In a field where gimmick and swagger often contribute to stardom as much as talent, Orbison was a singer who earned his place in the Rock and Roll Hall of Fame. His best-known hits, including “Only the Lonely” and “Running Scared,” are among the most majestic and affecting records ever made.

It was Orbison’s artistry that was saluted on a January night in 1987 when the man once called the “Caruso of Rock” was inducted into the Hall of Fame.

In a touching induction speech, Bruce Springsteen told how he so admired Orbison’s music that he rode for 15 hours in the back of a U-Haul truck in 1970 so that he could open for the veteran singer in Nashville.


When Springsteen went into the studio four years later to record his classic “Born to Run” album, he said he played Orbison’s greatest-hits album over and over for inspiration.

About “Born to Run,” he added, “I wanted to make a record with words like Bob Dylan that sounded like Phil Spector, but most of all I wanted to sing like Roy Orbison.”

Other artists--from the Eagles’ Don Henley and U2’s Bono Hewson to Paul McCartney and Tom Petty--have also spoken over the years with equal fervor about what Orbison’s music meant to them.

But it was invariably Orbison’s humility and sweetness--words rarely applied to pop stars--that these same artists cited after meeting the shy, soft-spoken man who died Tuesday of a heart attack in Nashville.


Those traits were on display in September, 1987, when more than a dozen of the most acclaimed figures in rock paid tribute to Orbison in a concert at the Cocoanut Grove in Los Angeles. The event, filmed for a cable TV special, featured a cast that included Springsteen, Jackson Browne, Elvis Costello, Bonnie Raitt, Tom Waits, J. D. Souther and Jennifer Warnes.

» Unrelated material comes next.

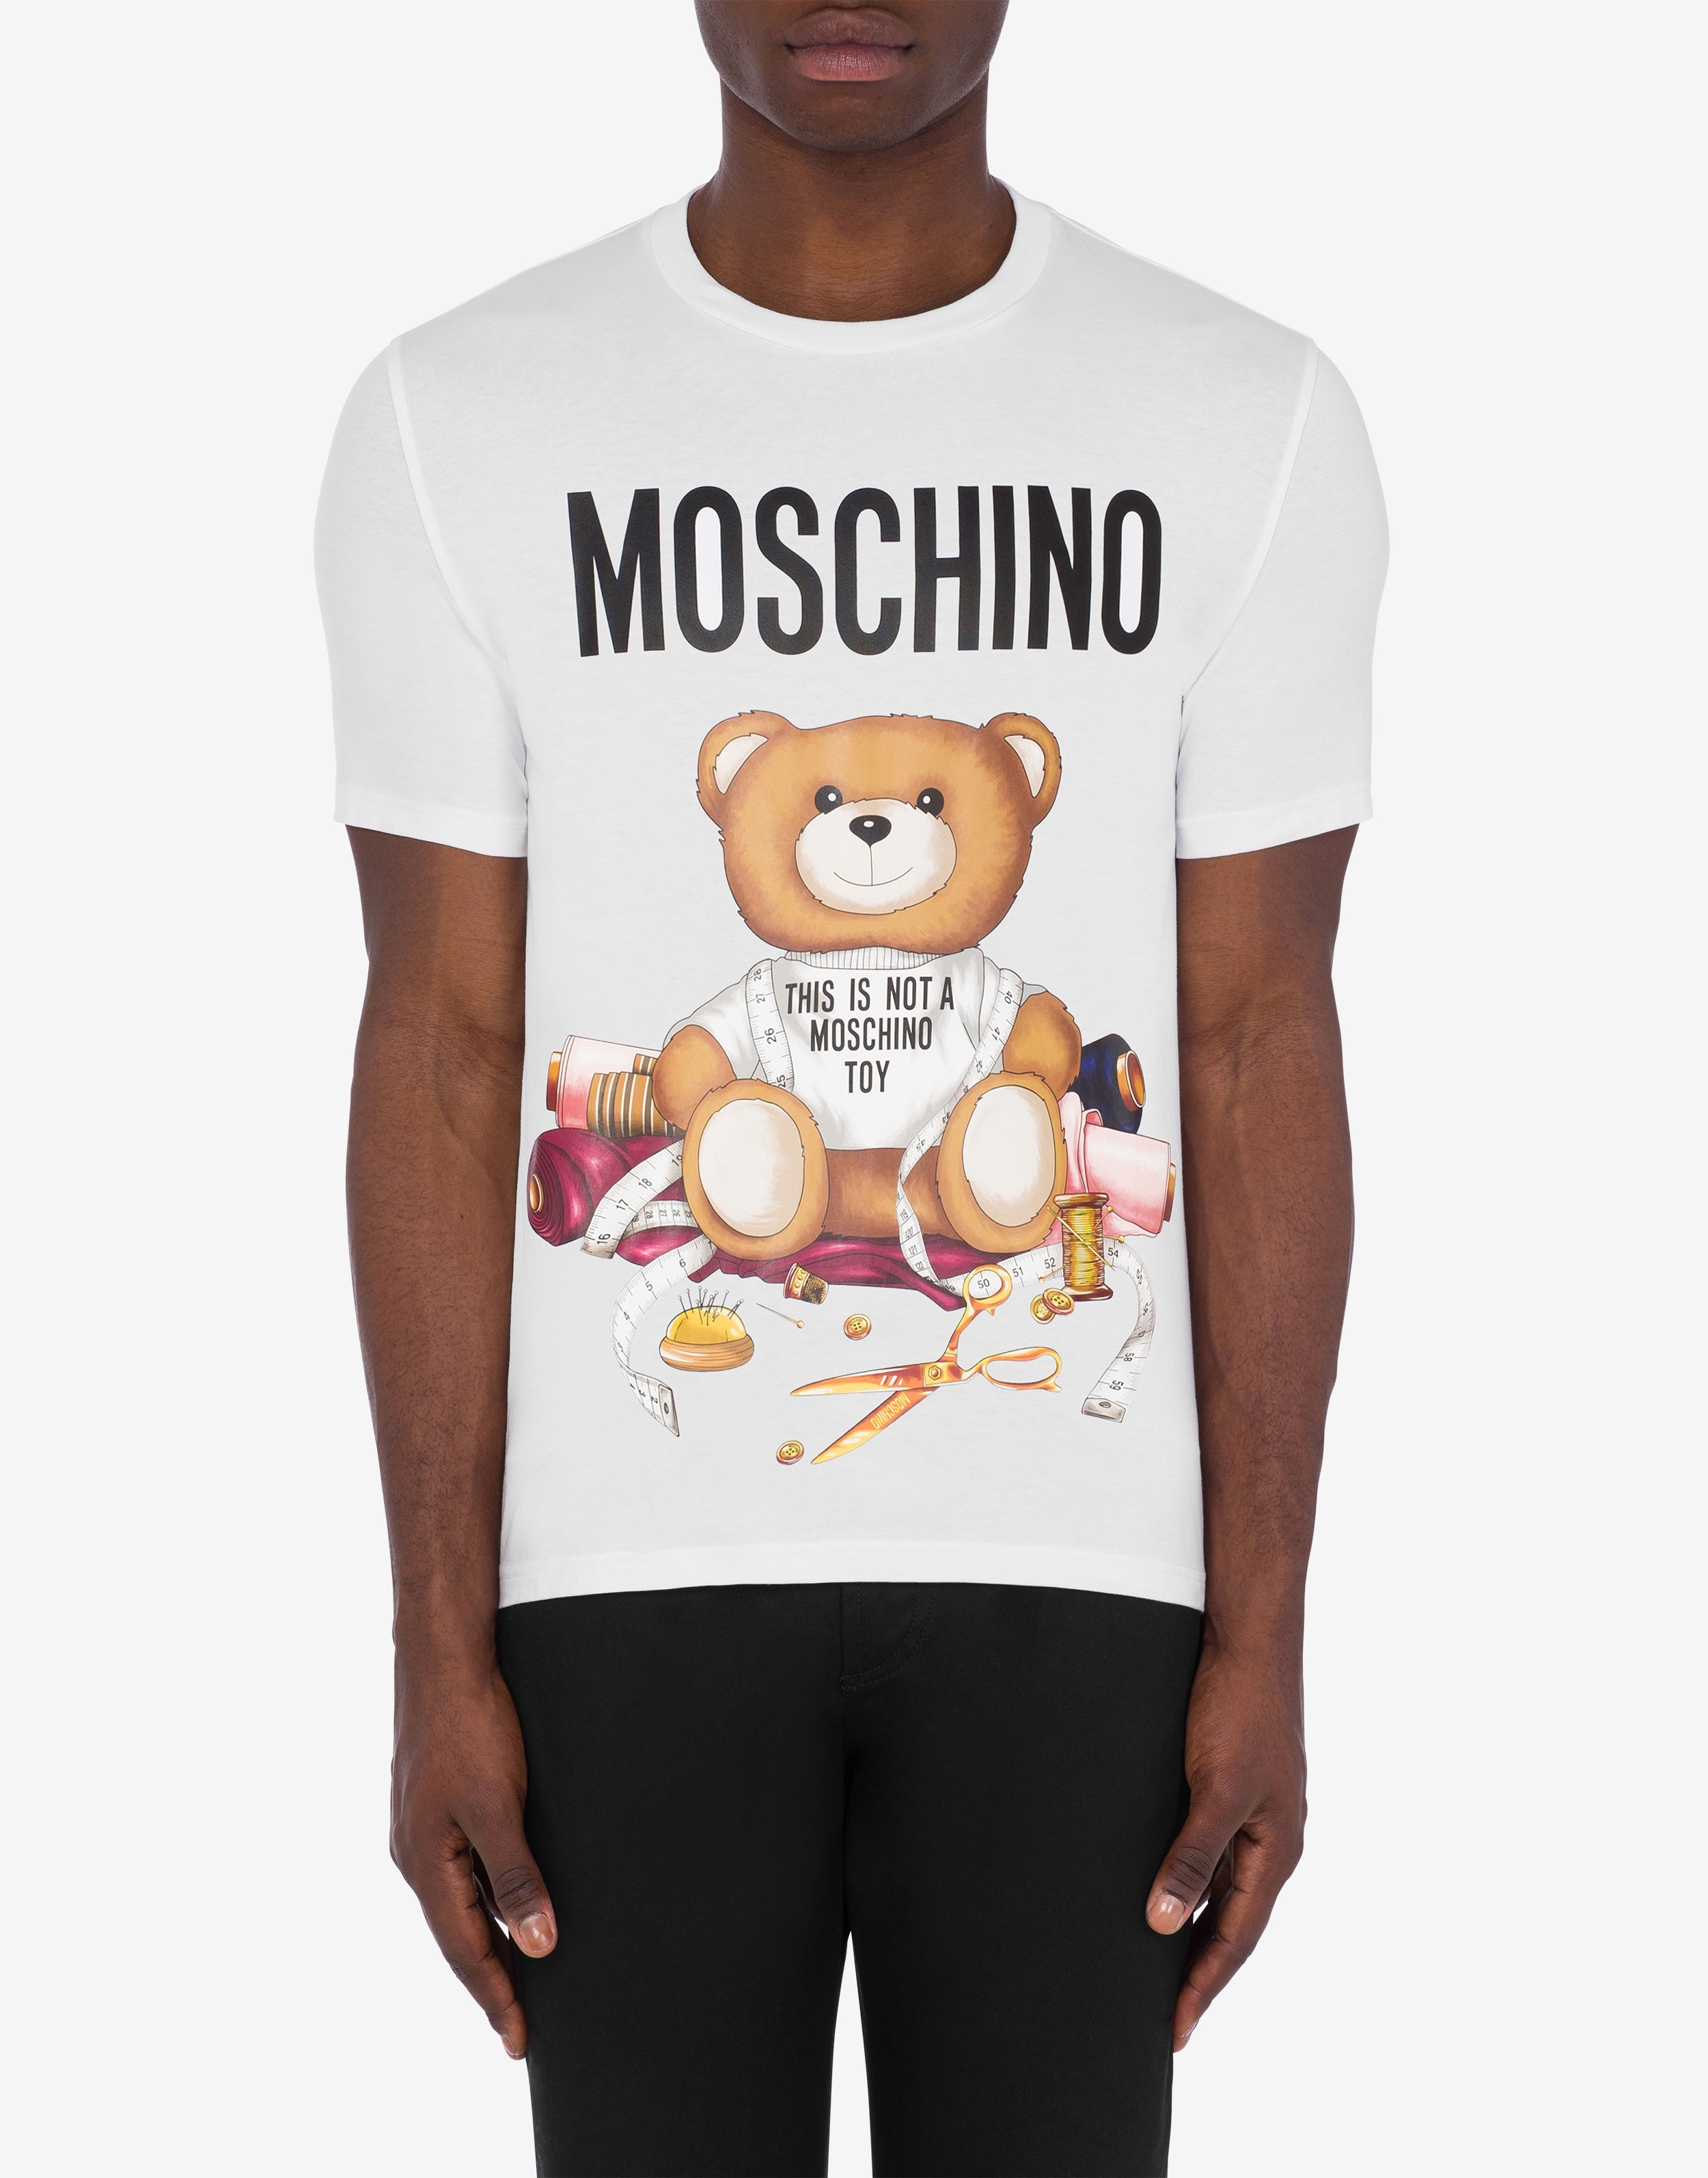  MOSCHINO Camiseta Hombre Teddy Bear Blanco, Blanco : Ropa,  Zapatos y Joyería

At a rehearsal the night before the concert, the musicians were tense. They knew the special could be an important step in renewing interest in Orbison, who had been out of the pop spotlight for years--and they wanted to give him the best possible support. But the backup singers were coming in at the wrong spots and the battery of guitarists searched awkwardly for their place in the songs.

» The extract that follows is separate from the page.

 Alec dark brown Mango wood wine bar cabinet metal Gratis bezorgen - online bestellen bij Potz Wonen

Orbison sensed their anxiety and called them together during a break.

“The main thing for me (about) this show is that it’s a thrill for me that you guys are (even) here. . . . I’m grateful that you came by to help me out.”


The words weren’t a psychological ploy to make the musicians relax; Orbison meant them.

“This has got to be one of the greatest moments in my life,” Orbison said backstage the night of the Grove concert. “I’m so grateful. It has been an up for me ever since the Hall of Fame.

“It has been unbelievable. You know, there was a time in the ‘70s when I wondered if people still cared about my music at all.”

Before heading to a reception, he paused and added, “It’s funny. For years, it was hard for me to appreciate something until a few days later. There was always this distance. But that distance is not there. I’m enjoying this now . Everything finally feels in sync.”


Things continued in sync for Orbison. He joined Dylan, George Harrison, Jeff Lynne and Tom Petty in a good-natured “supergroup” album project--the Traveling Wilburys--that has just moved into the national Top 10.

More importantly, he was looking forward to the release in February of his first album of new material in more than a decade. Titled “Mystery Girl,” the album will feature songs written for Orbison by Hewson and Costello--as well as some Orbison originals.

For those who knew Orbison, however, it’s going to be hard to listen to that album. The new songs will enable us to again sample Orbison’s artistry, but they won’t bring back his gentleness and warmth.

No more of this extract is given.